And yes, I do note the irony that I’m the one talking about forks, after what I wrote on the subject — but there are times when a fork is indeed necessary, at least to continue development on a project. And I should probably consider unpaper more a take over than a fork, given that the original developer seem to be unreachable (he hasn’t answered my mail yet).

Of course nobody expected unpaper to be the only project that was hosted on BerliOS, nor the only one dead. Indeed, back in the days when SF.net interface was obnoxious but still usable, BerliOS was considered a quite decent alternative, at least for the fact that there was Subversion support quite a bit of time before SourceForge supported anything other than CVS. Even I started not one, but two projects using BerliOS. One is the same unieject that I have now mostly abandoned and is available on Gitorious; the other was an Ultima OnLine server emulator, which was, really, my first try at coordinating a Free Software project.

Update (2017-04-22): as you may know, Gitorious was acquired by GitLab in 2015 and turned down the service. My projects previously hosted there are now hosted on GitHub.

Said project, was started by me and a handful of friends, some of whom were players on the same unofficial “shard” as me, while another was a fellow developer in another similar software (NoX-Wizard), was basically a from scratch implementation, in what at the time I considered modern C++ (it might even have been, considering that we just came out of the GCC 2.96 trouble). It was also my first encounter with Python used as a scripting environment within another software. The code was originally developed by me in CVS; then it was moved to SVN on a local repository, then again on BerliOS.. with the result that my commits actually showed up under a long series of names, d’oh!

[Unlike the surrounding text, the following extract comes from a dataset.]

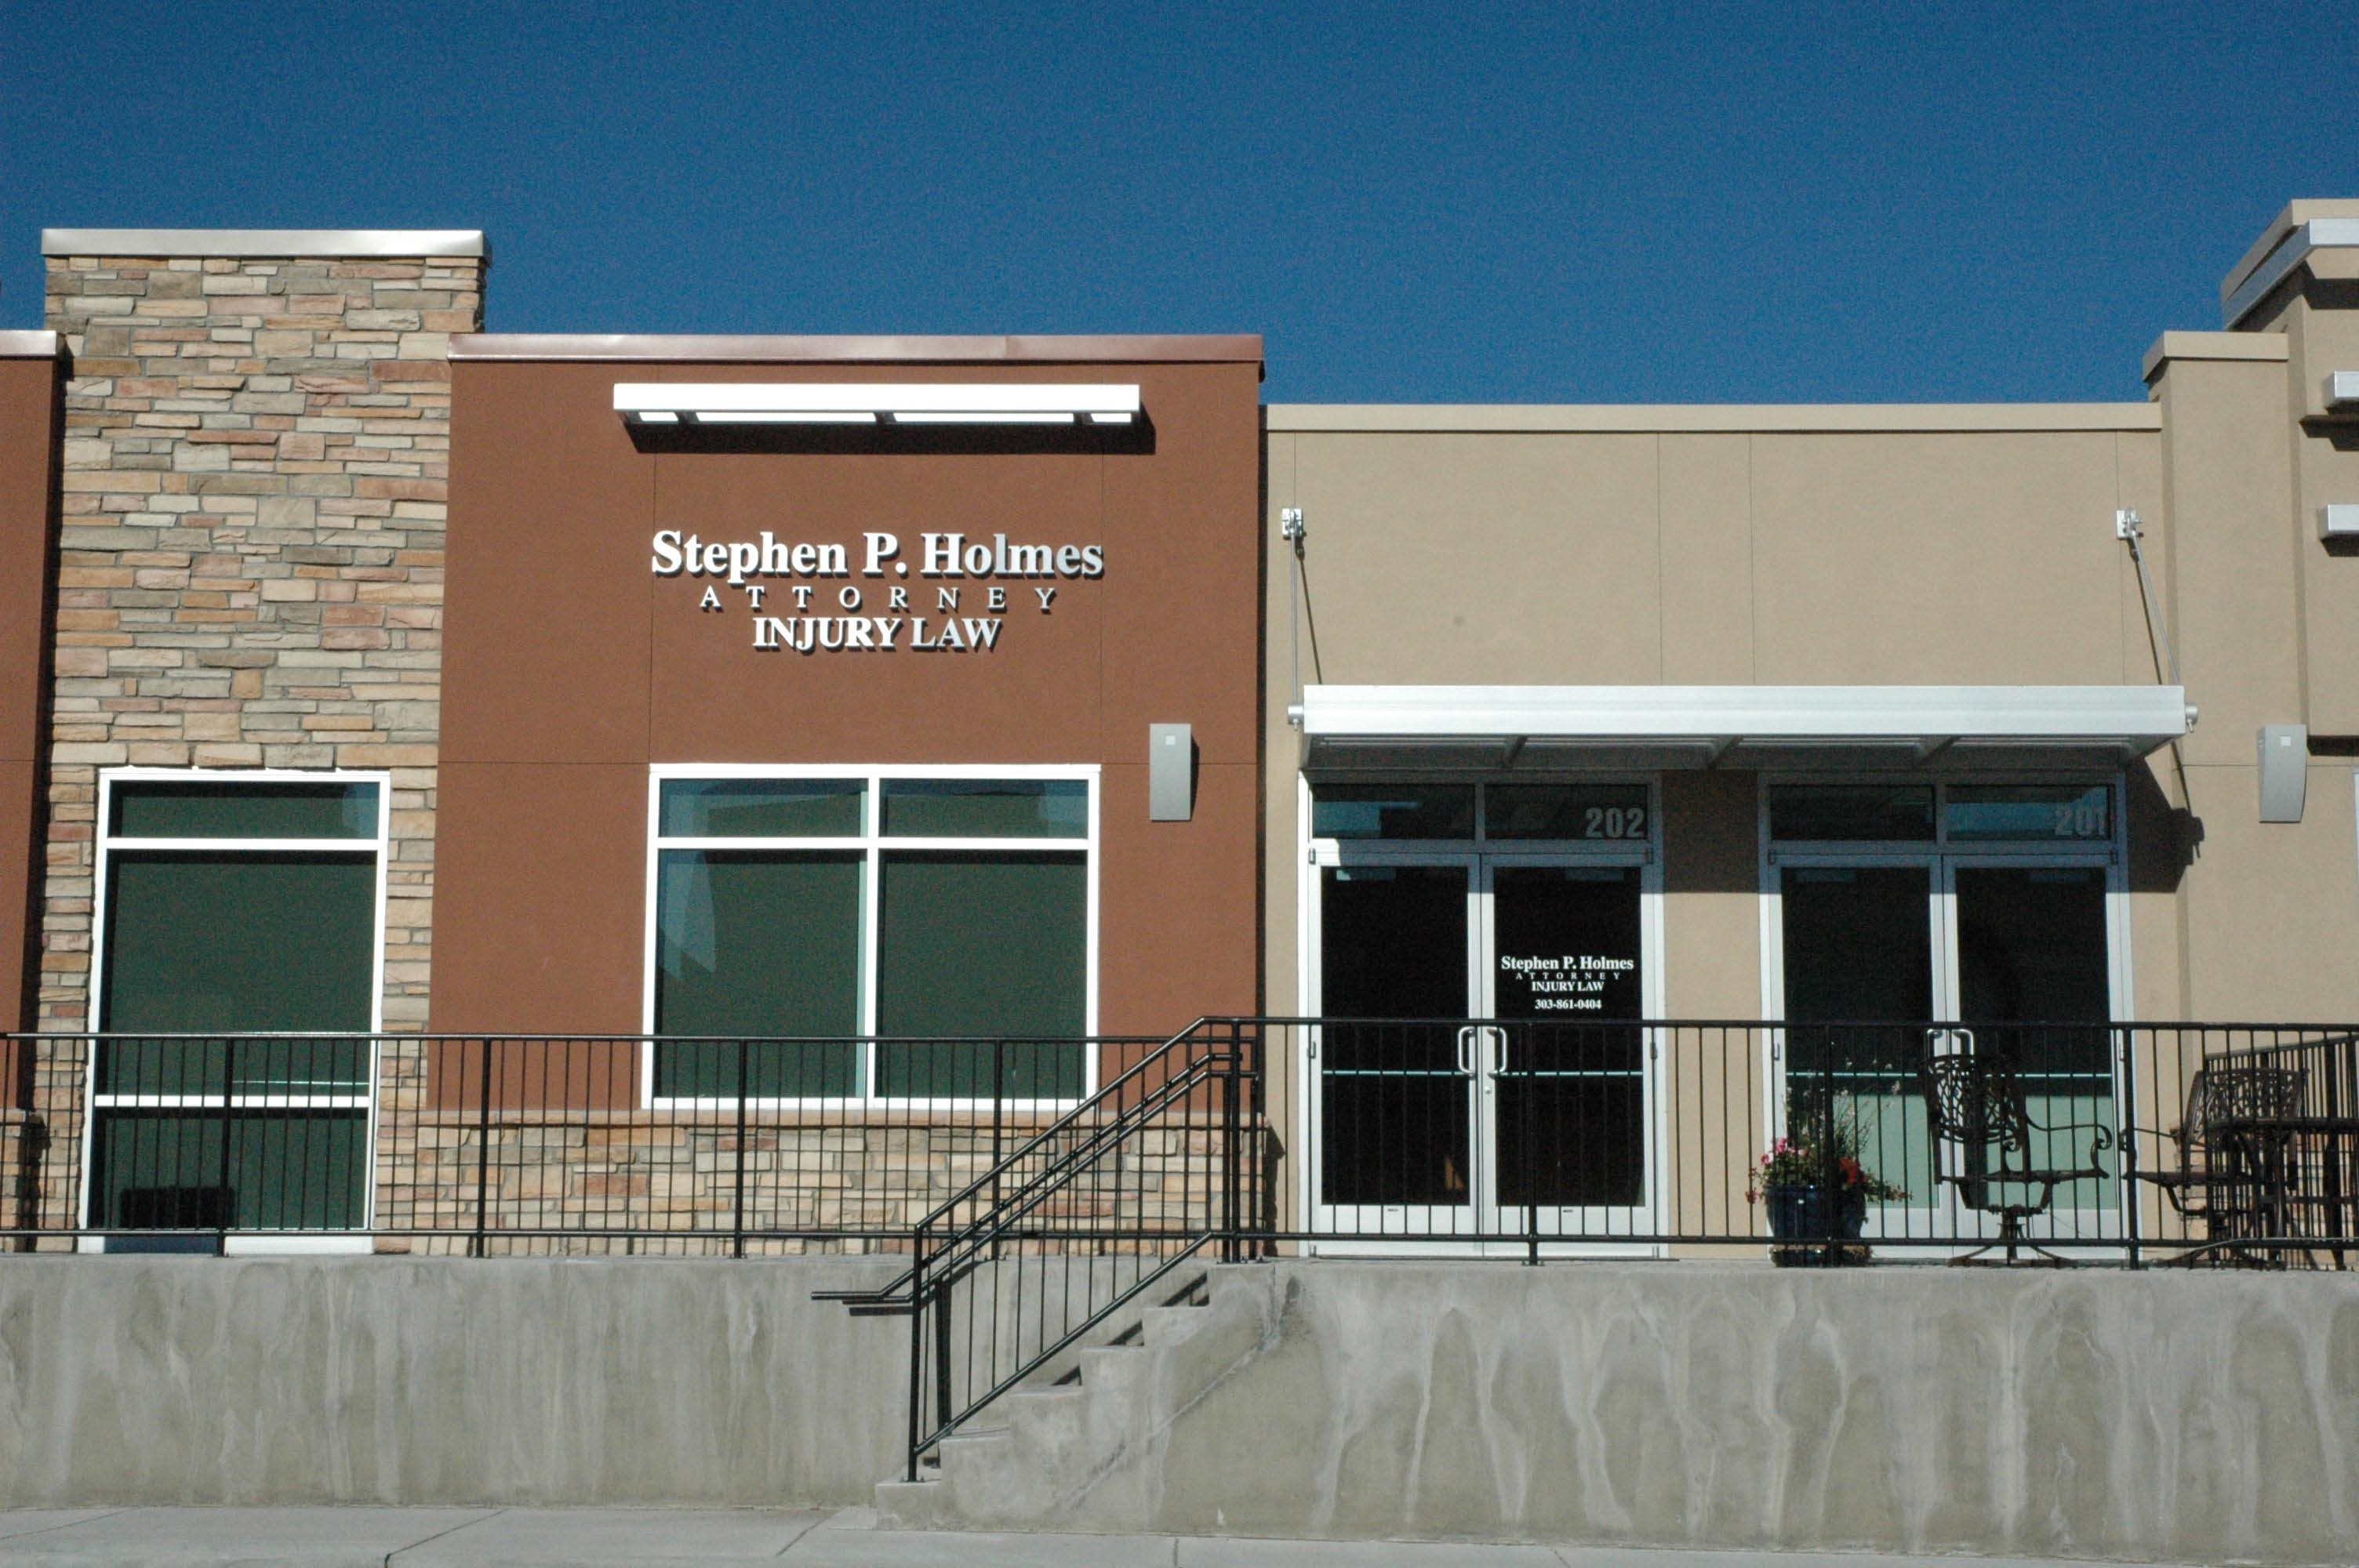 Stephen P. Holmes

Well, a couple of weeks ago I decided to import the code to GitHub — and with a bit of help from git svn I was able to also merge back my commits under a single name (and those of another developer as well, not under mine of course). It’s impressive how straightforward is to import a whole repository’s history nowadays. I remember going crazy to do the same thing at the time, when moving from CVS to SVN, and to import the local SVN to BerliOS.

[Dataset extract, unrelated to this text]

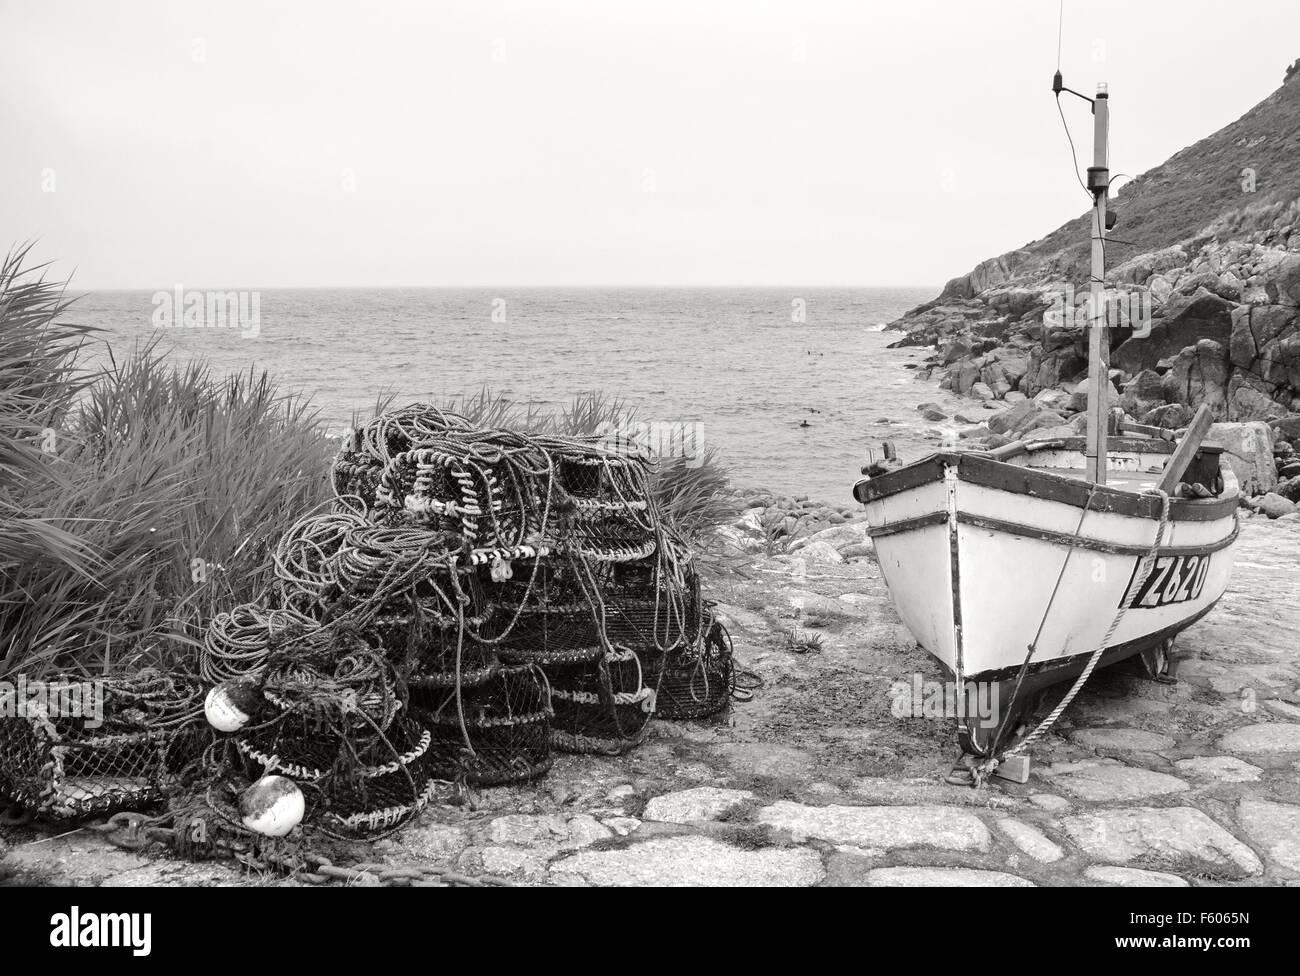 Fishing boat and lobster pots in Penberth cove a hamlet near Penzance in Cornwall coast boats, bay, beach, boats, - Stock Image

This should actually be considered a stating point: indeed the fact that it’s relatively trivial to import a repository’s history nowadays should make it much easier to preserve the most important repositories of BerliOS itself — I just wonder if there’s hope to save all the content in BerliOS. This becomes quite interesting when you note that it comes not a long time after the Kernel.org KO, which has seen a number of projects migrate here and there, including Linux-PAM which seem to be maintained now on Fedora’s hardware (and in GIT, finally! — this means that the next time I’ll have to patch Linux-PAM, which I hope will be far into the future, I’ll be able to provide proper backports in Gentoo infrastructure, like I do for other packages including quagga).

Changing times?

Revisiting my opinion of GitHub — How do you branch a readonly repository?

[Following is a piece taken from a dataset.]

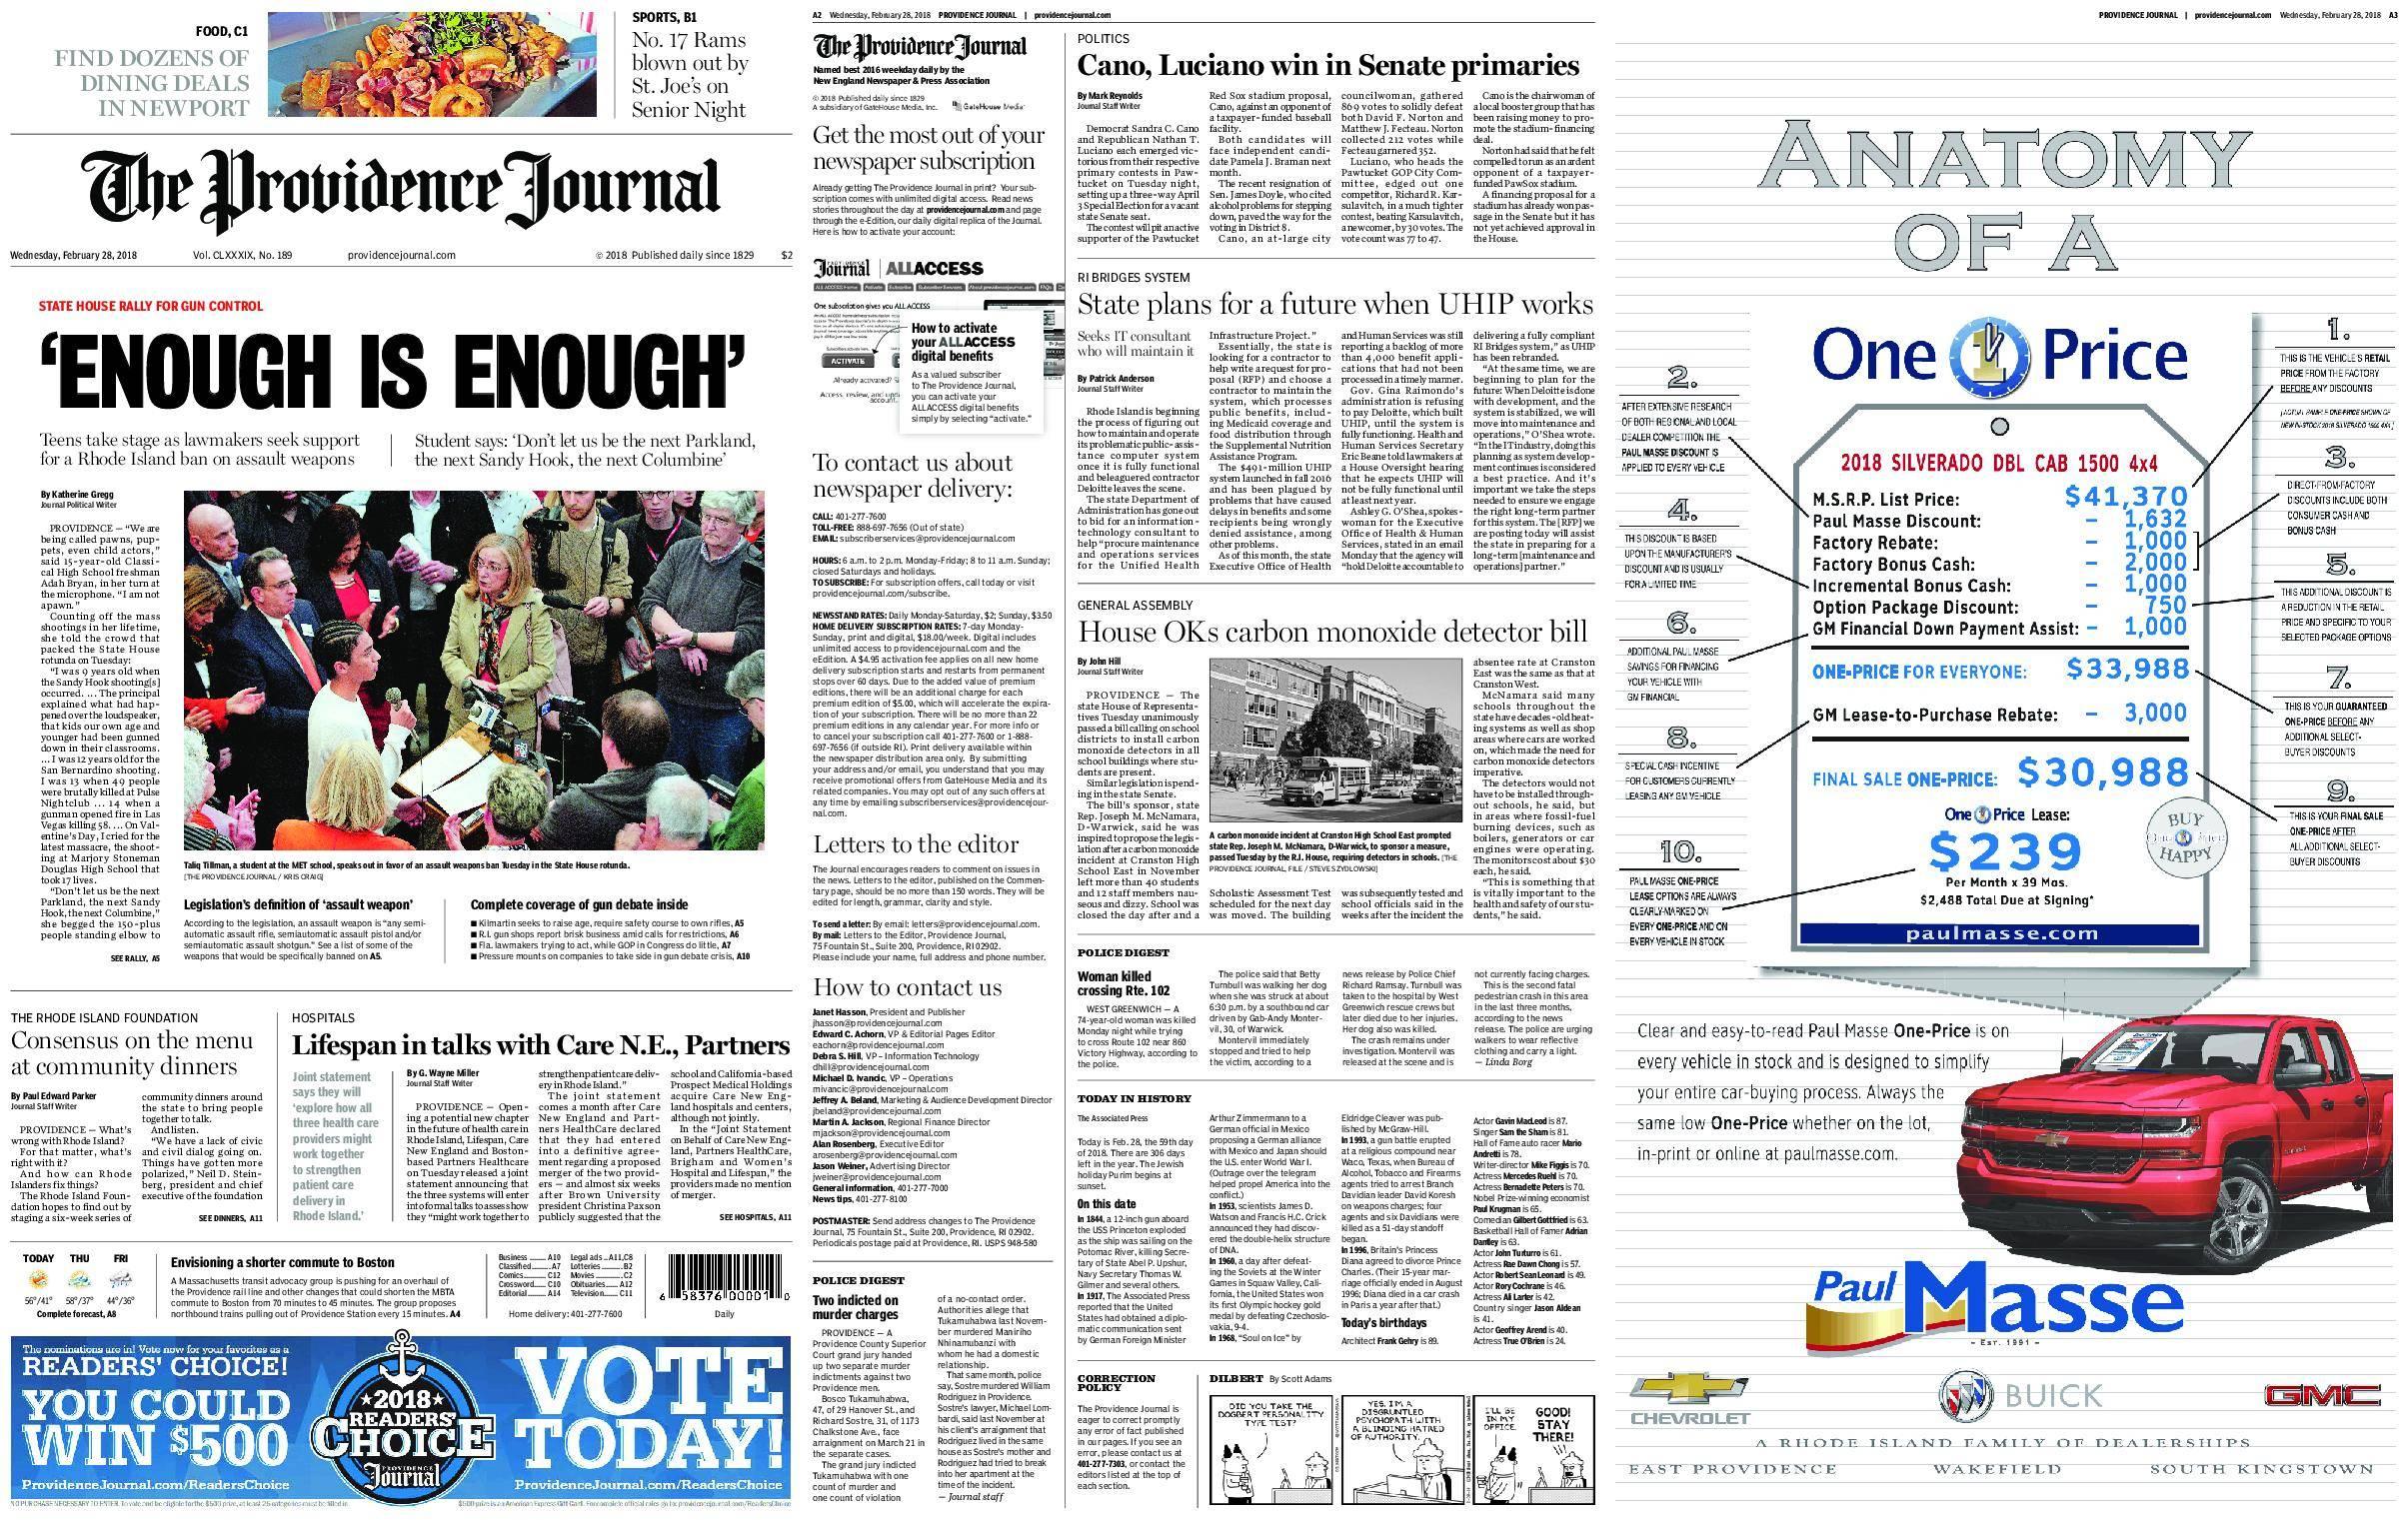 The Providence Journal – February 28, 2018 / AvaxHome

I have expressed before quite a bit of discontent of GitHub before, regarding the way they continue suggesting people to “fork” projects. I’d like for once to state that while I find the fork word the wrong one the idea is not too far from ideal.

Fast, reliable and free distributed SCMs have defined a new landscape in the world of Free Software, as many probably noted already; but without the help of GitHub, Gitorious and BitBucket I wouldn’t expect them to have made such an impact. Why? Because hosting a repository is generally not an easy task for non-sysadmins, and finding where the original code is supposed to be is also not that easy, a lot of times.

Of course, you cannot “rely on the cloud” to be the sole host for your content, especially if you’re a complex project like Gentoo, but it doesn’t hurt to be able to tell users “You want to make changes? Simply branch it here and we’ll take care of the management”, which is what those services enabled.

Why am I writing about this now? Well, it happened more than once before that I was in need to publish a branch of a package whose original repository was hosted on SourceForge, or the GNOME source , where you cannot branch it to make any change. To solve that problem I set up a system on my server to clone and mirror the repositories over to Gitorious; the automirror user is now tracking twelve repositories and copying them over to gitorious every six hours.

As it happens, last night I was hacking a bit at ALSA — mostly I was looking into applying what I wrote yesterday regarding hidden symbols on the ALSA plugins, as my script found duplicated symbols between the two Pulse plugins (one is the actual sound plugin the other is the control one), but ended up doing general fixing of their build system as it was slightly broken. I sent the patches to the mailing lists, but I wanted to have them available as a branch as well.

Well, now you got most of the ALSA project available on Gitorious for all your branching and editing needs. Isn’t Git so lovely?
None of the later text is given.